* Recorded information
====================
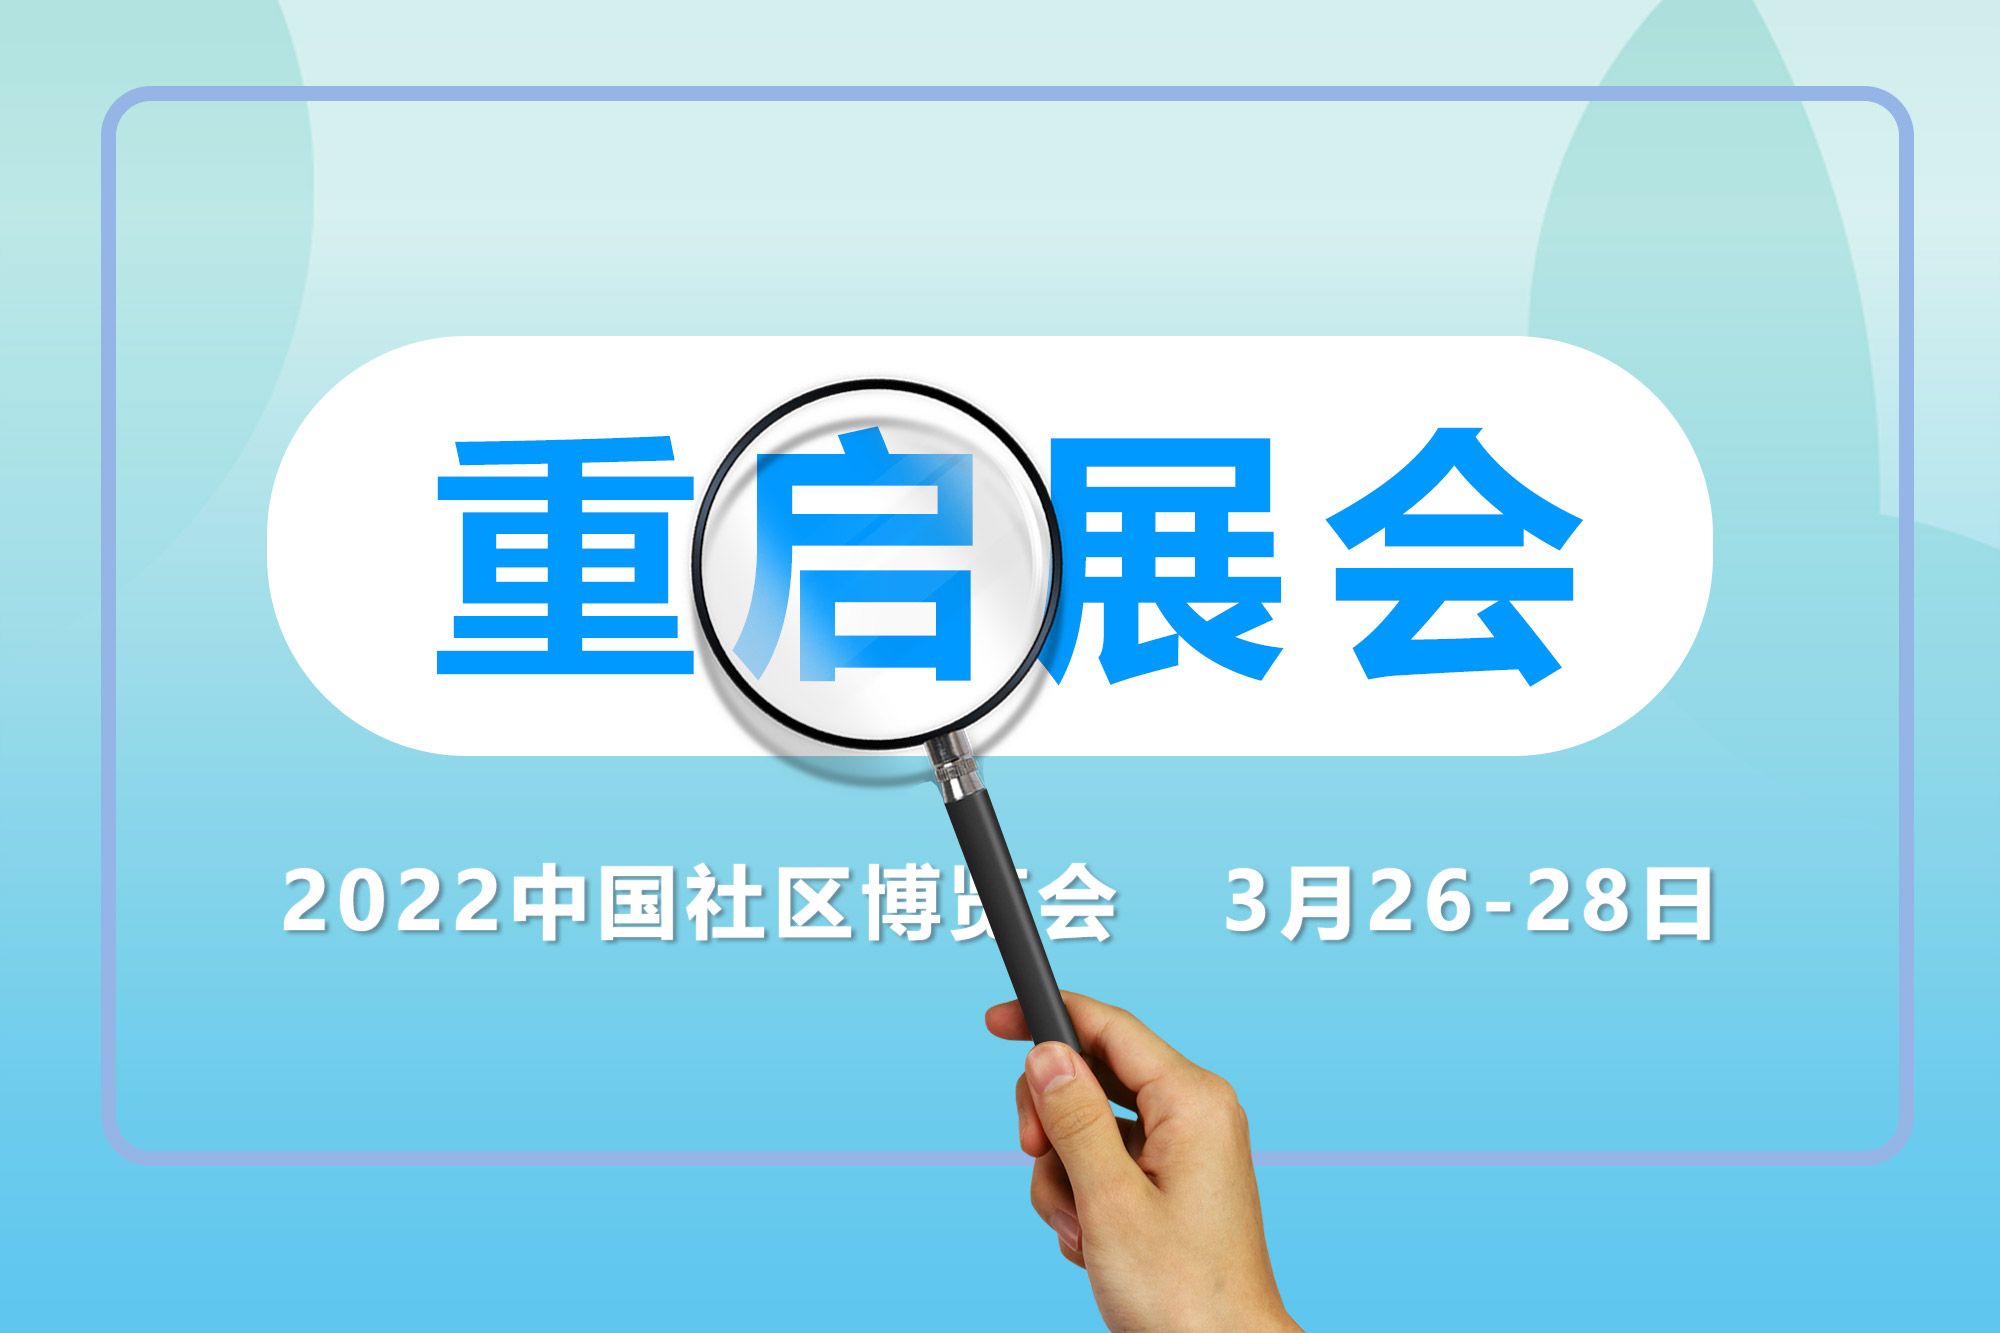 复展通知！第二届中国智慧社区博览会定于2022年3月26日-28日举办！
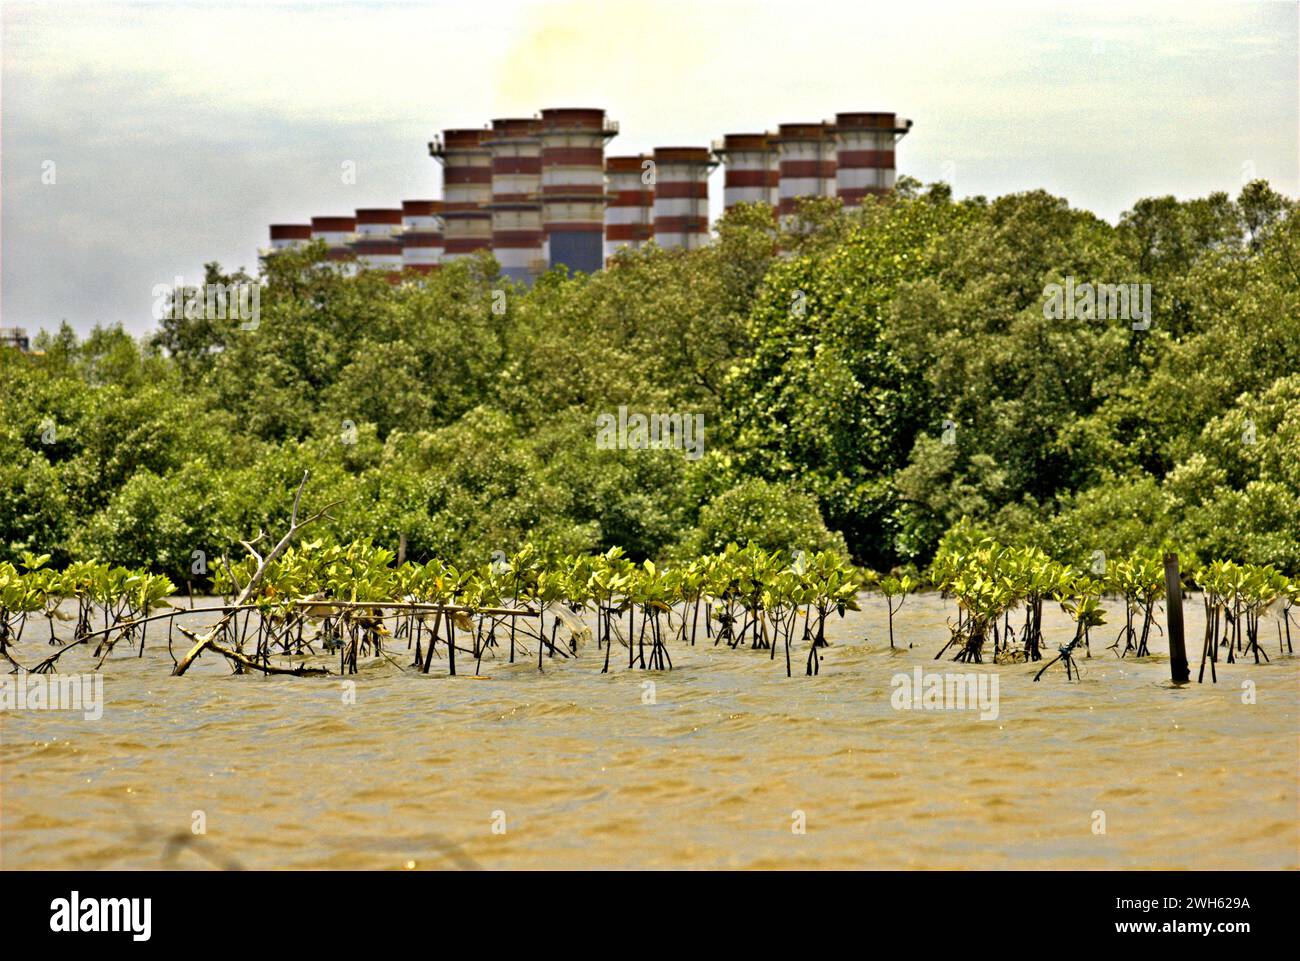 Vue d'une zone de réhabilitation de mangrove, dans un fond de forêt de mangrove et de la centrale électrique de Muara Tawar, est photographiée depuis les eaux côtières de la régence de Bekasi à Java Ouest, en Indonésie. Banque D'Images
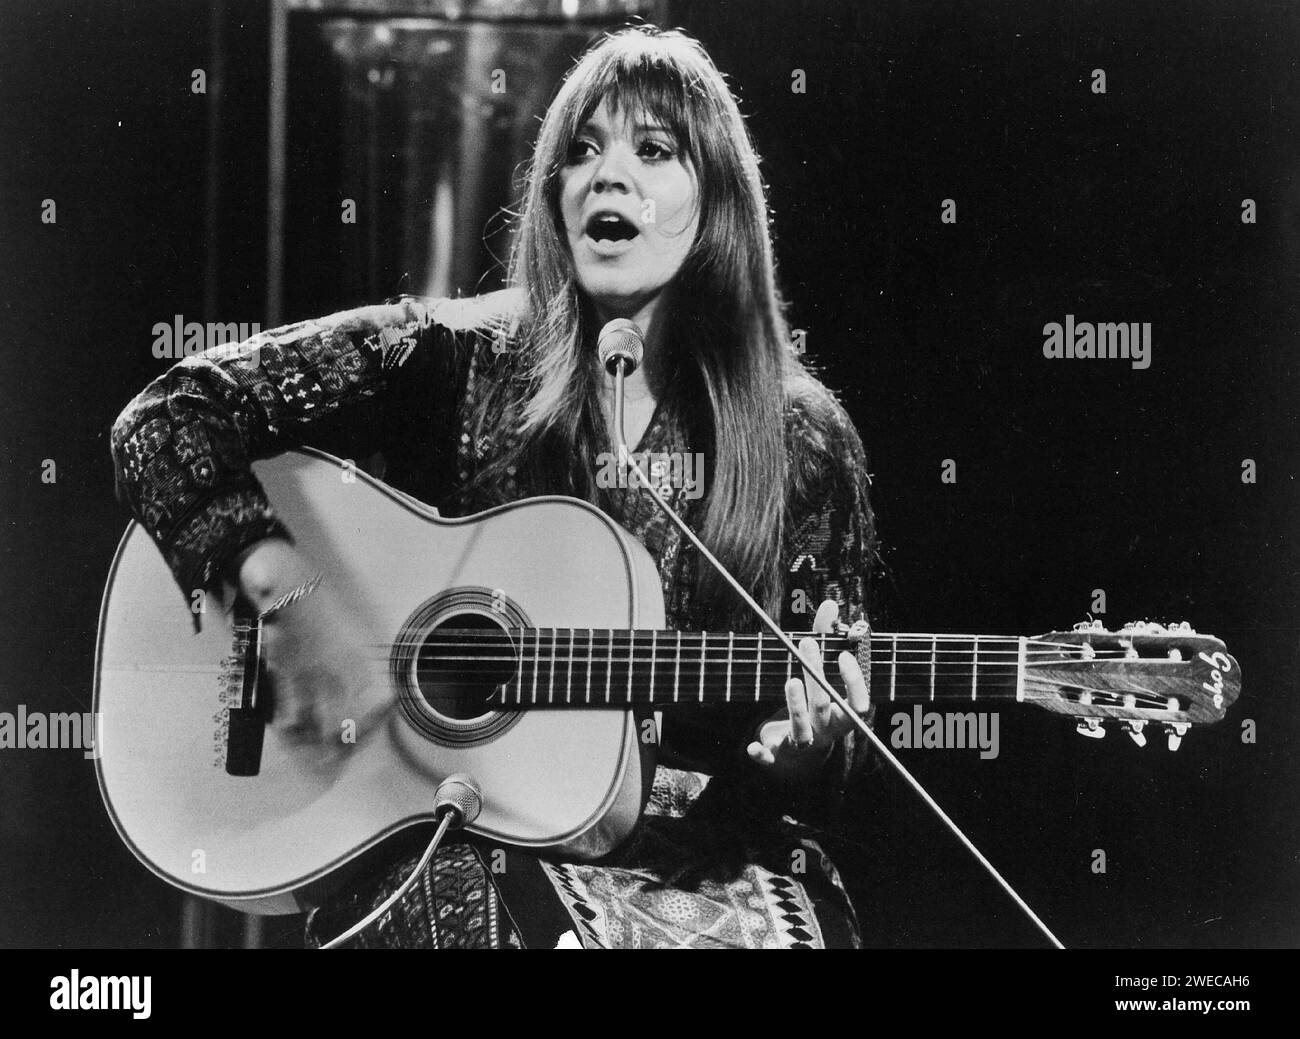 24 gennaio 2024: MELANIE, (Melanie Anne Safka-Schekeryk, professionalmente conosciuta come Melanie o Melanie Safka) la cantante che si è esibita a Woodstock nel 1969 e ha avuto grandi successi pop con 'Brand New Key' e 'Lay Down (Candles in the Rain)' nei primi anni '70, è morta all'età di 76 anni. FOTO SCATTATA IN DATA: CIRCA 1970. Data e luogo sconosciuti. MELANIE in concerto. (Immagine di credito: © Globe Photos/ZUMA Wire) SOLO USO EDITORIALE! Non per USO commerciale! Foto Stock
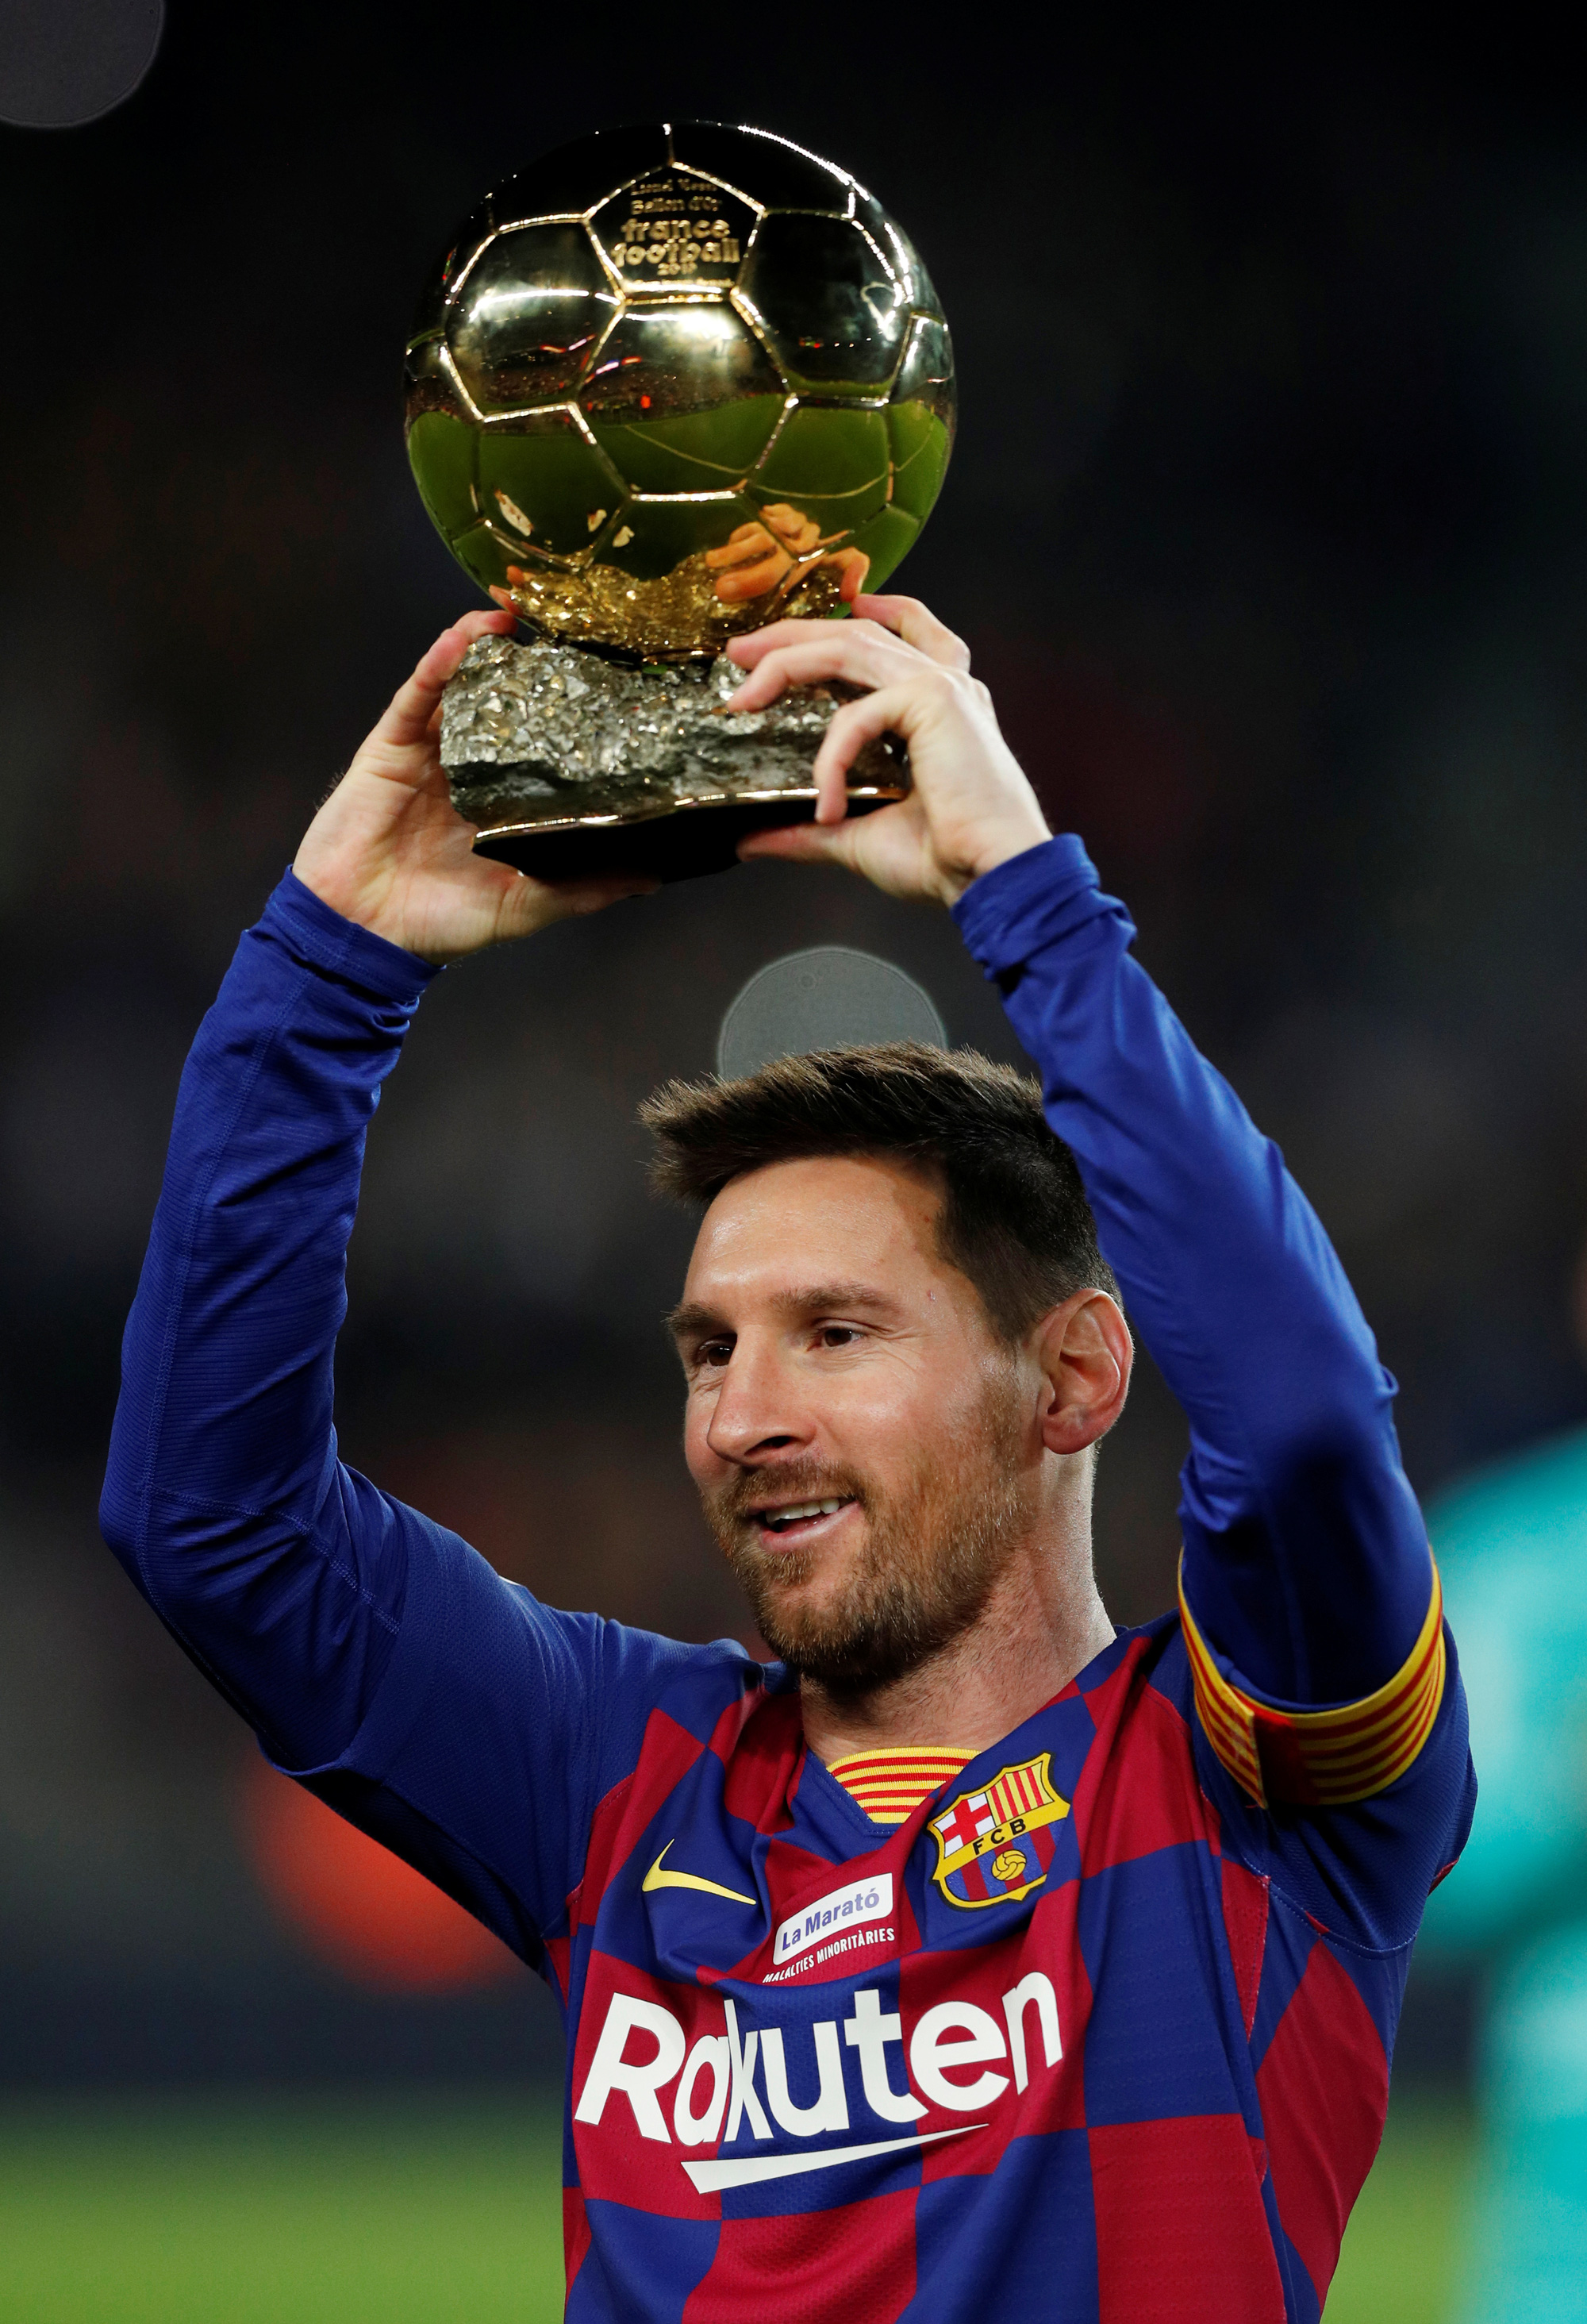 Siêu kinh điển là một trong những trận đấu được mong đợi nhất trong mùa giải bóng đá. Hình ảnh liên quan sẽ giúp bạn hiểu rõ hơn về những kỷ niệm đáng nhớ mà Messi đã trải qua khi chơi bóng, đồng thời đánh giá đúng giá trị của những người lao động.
====================
* Aim of the exercise
Give the data above again exactly. Leave the pictures out.

* Result of this task
 复展通知！第二届中国智慧社区博览会定于2022年3月26日-28日举办！
 Vue d'une zone de réhabilitation de mangrove, dans un fond de forêt de mangrove et de la centrale électrique de Muara Tawar, est photographiée depuis les eaux côtières de la régence de Bekasi à Java Ouest, en Indonésie. Banque D'Images
 24 gennaio 2024: MELANIE, (Melanie Anne Safka-Schekeryk, professionalmente conosciuta come Melanie o Melanie Safka) la cantante che si è esibita a Woodstock nel 1969 e ha avuto grandi successi pop con 'Brand New Key' e 'Lay Down (Candles in the Rain)' nei primi anni '70, è morta all'età di 76 anni. FOTO SCATTATA IN DATA: CIRCA 1970. Data e luogo sconosciuti. MELANIE in concerto. (Immagine di credito: © Globe Photos/ZUMA Wire) SOLO USO EDITORIALE! Non per USO commerciale! Foto Stock
 Siêu kinh điển là một trong những trận đấu được mong đợi nhất trong mùa giải bóng đá. Hình ảnh liên quan sẽ giúp bạn hiểu rõ hơn về những kỷ niệm đáng nhớ mà Messi đã trải qua khi chơi bóng, đồng thời đánh giá đúng giá trị của những người lao động.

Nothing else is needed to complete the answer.